Все улеглись внутри нашей крепости-подковы. А мы с Ювеналием не спим, слушаем и в темноту смотрим. И снова мне тревожно, сам не знаю почему.
Лошади неторопливо жуют овес, насыпанный на донышки бричек, нет-нет да и звякнут железными мундштуками. Луна еле-еле пробивается сквозь облака, не освещает, а чуть подсвечивает округу. Тускнеет и гаснет покинутый костер. Где-то далеко, за черным лесом, поднимается зарево. Может, снова палят какой-нибудь хутор…
Я больше смотрю и слушаю ту сторону, в которой стоит мои Дон-Жуан. В руке я крепко сжимаю рукоятку пистолета. Ощущая эту плотную шероховатость, чувствую себя очень сильным, почти непобедимым. Признаться, побаиваюсь я лихих «лесных братьев», но и хочется мне, чтобы попробовали нас атаковать в этой крепости из бричек и овса. Задал бы я им жару!
Я уже раза два палил из пистолета, — осваивал.
Да и Ювеналий рядом, опытный вояка, с ним не страшно. Правда, если «их» будет много…
Эта мысль останавливает меня, и больше я стараюсь не думать про оборону.
Ювеналий два года был на фронте, успел заработать два ордена Славы.

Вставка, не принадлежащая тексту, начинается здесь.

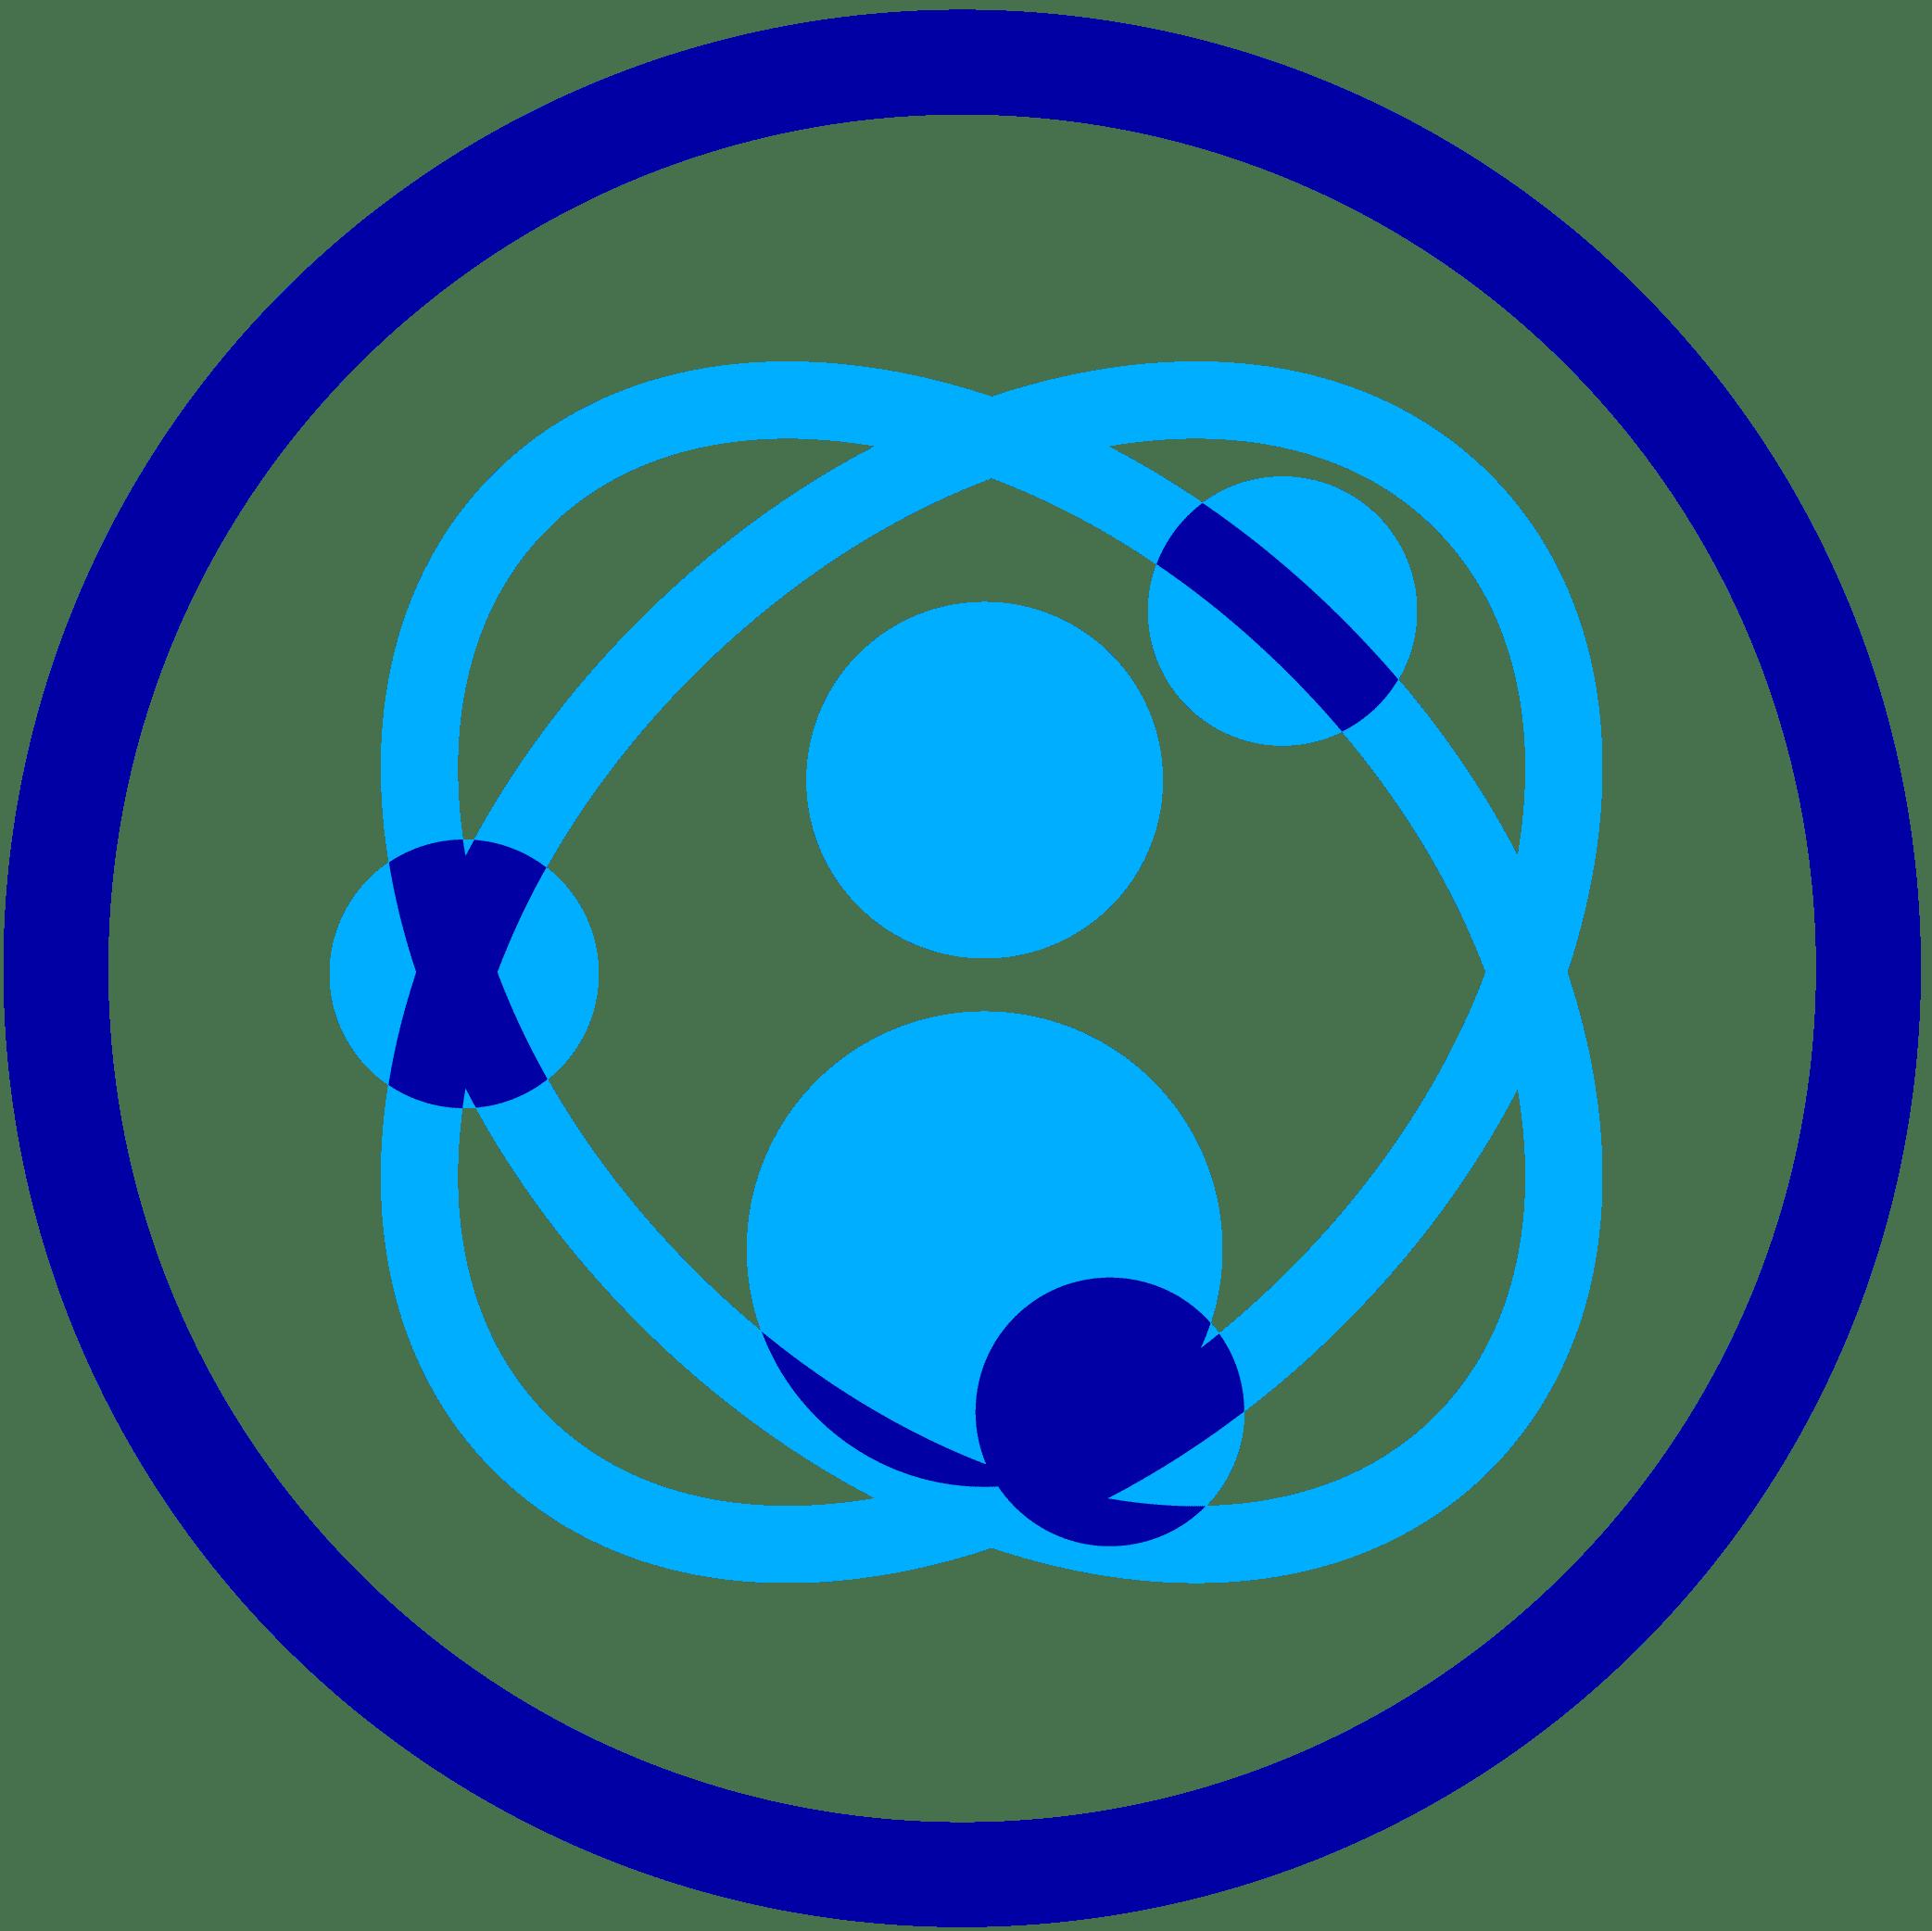 https://pt.fi-group.com/wp-content/uploads/sites/6/2021/02/blue-icons-set_1-55.png
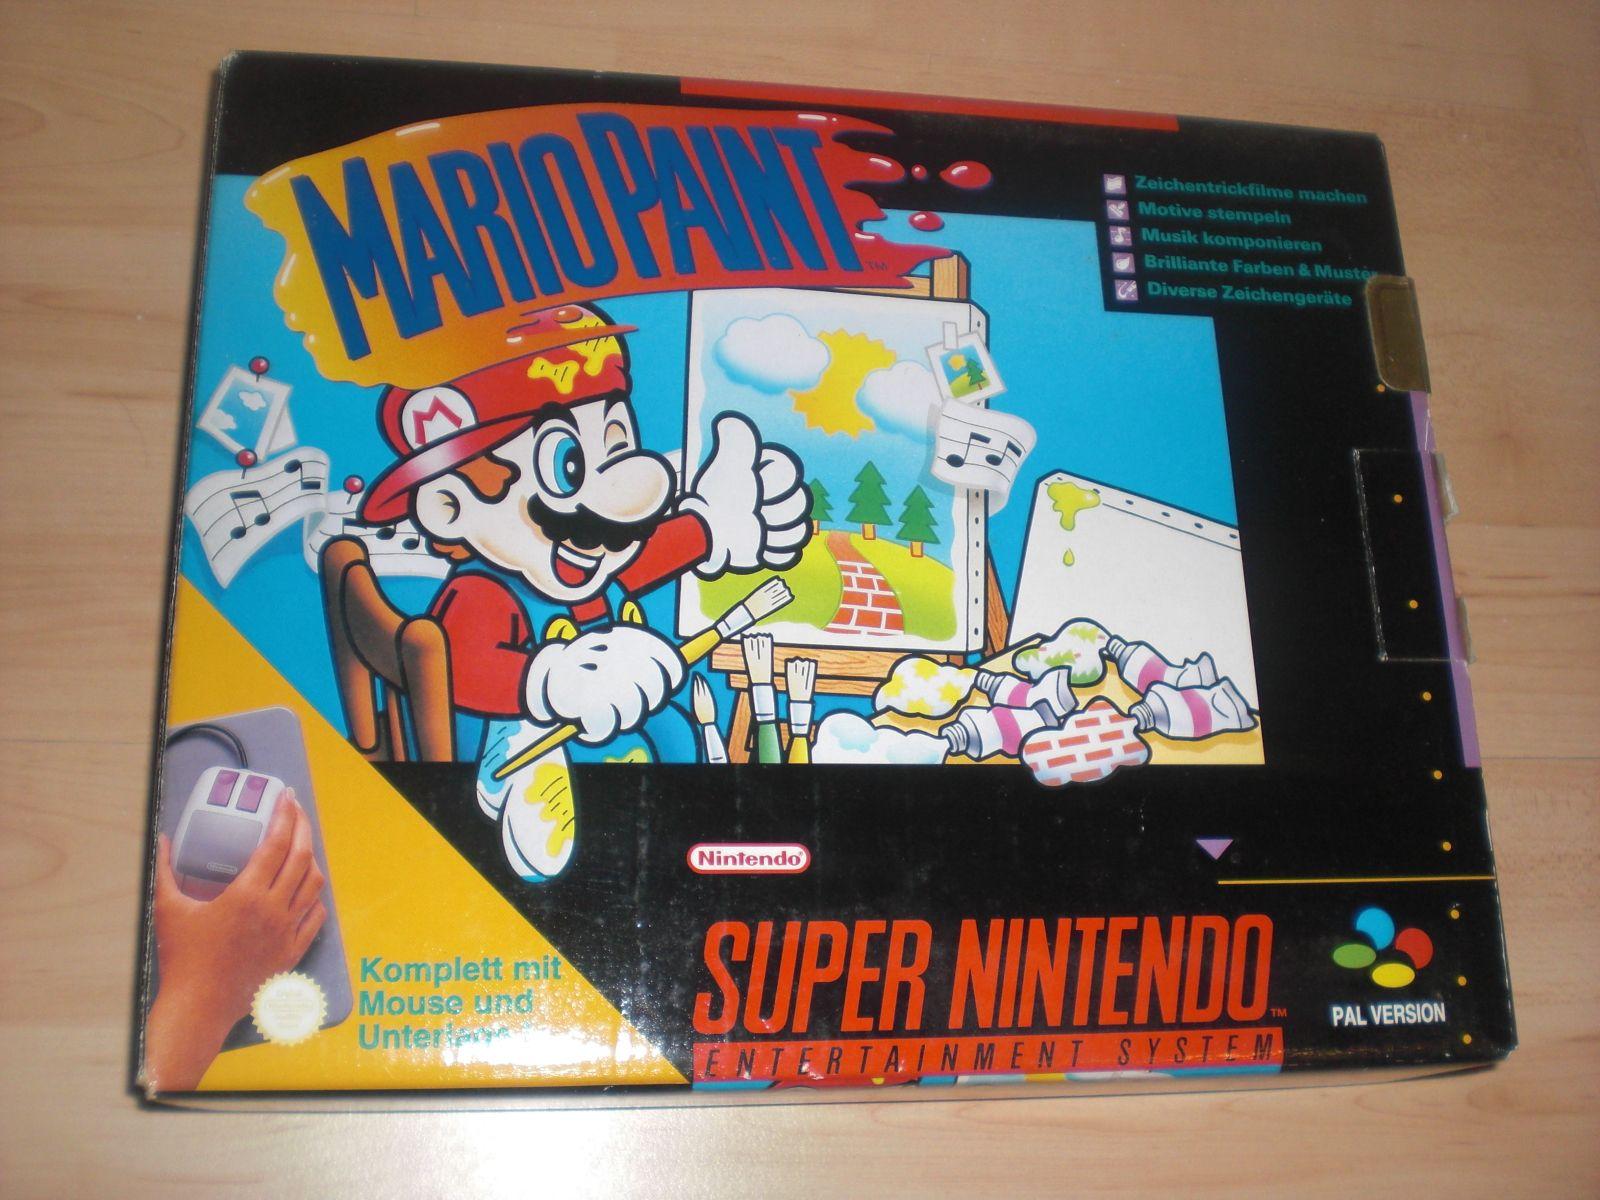 Mario Paint Boxed Cib Super Nintendo Game Snes With Mouse And Pad Super Nintendo Super Nintendo Games Paint Games

Говорит, если бы не ранило, добыл бы и третью Славу, полным бы кавалером стал. Надо как-нибудь порасспросить, за что ему дали ордена…
Ювеналия я немного знал и до войны. И семью его знал. Большой дом ихний в центре села стоит, как раз на изломе улицы — обе стороны хорошо просматриваются. Росли они четыре брата, и все отчаянные, драчливые до невозможности. Ювеналий-то младший среди братьев.
До войны, в праздники, в селе крепко побаивались этой семейки. Все как на подбор — рослые, жилистые, не сказать чтоб уж очень сильные, но ловкие, смелые. И никому не уступят.
Помню, об их отце много разговоров было. Однажды перед праздником Сандрик (так отца звали) поклялся жене: не выйду из дому. Пусть там, на улице, хоть земля расступится — не выйду! Но как только заслышал шум драки, так и затрясся весь, кулаки зачесались. А слово-то дал… Но тут жена отвернулась, Сандрик хватает брусок и — тресь! — по стеклам! Будто с улицы камнем запустили… Как тут не выскочить!..
Ювеналий весь в отца — такой же петух. На фронт попал совсем мальчишкой. Счастье — жив остался…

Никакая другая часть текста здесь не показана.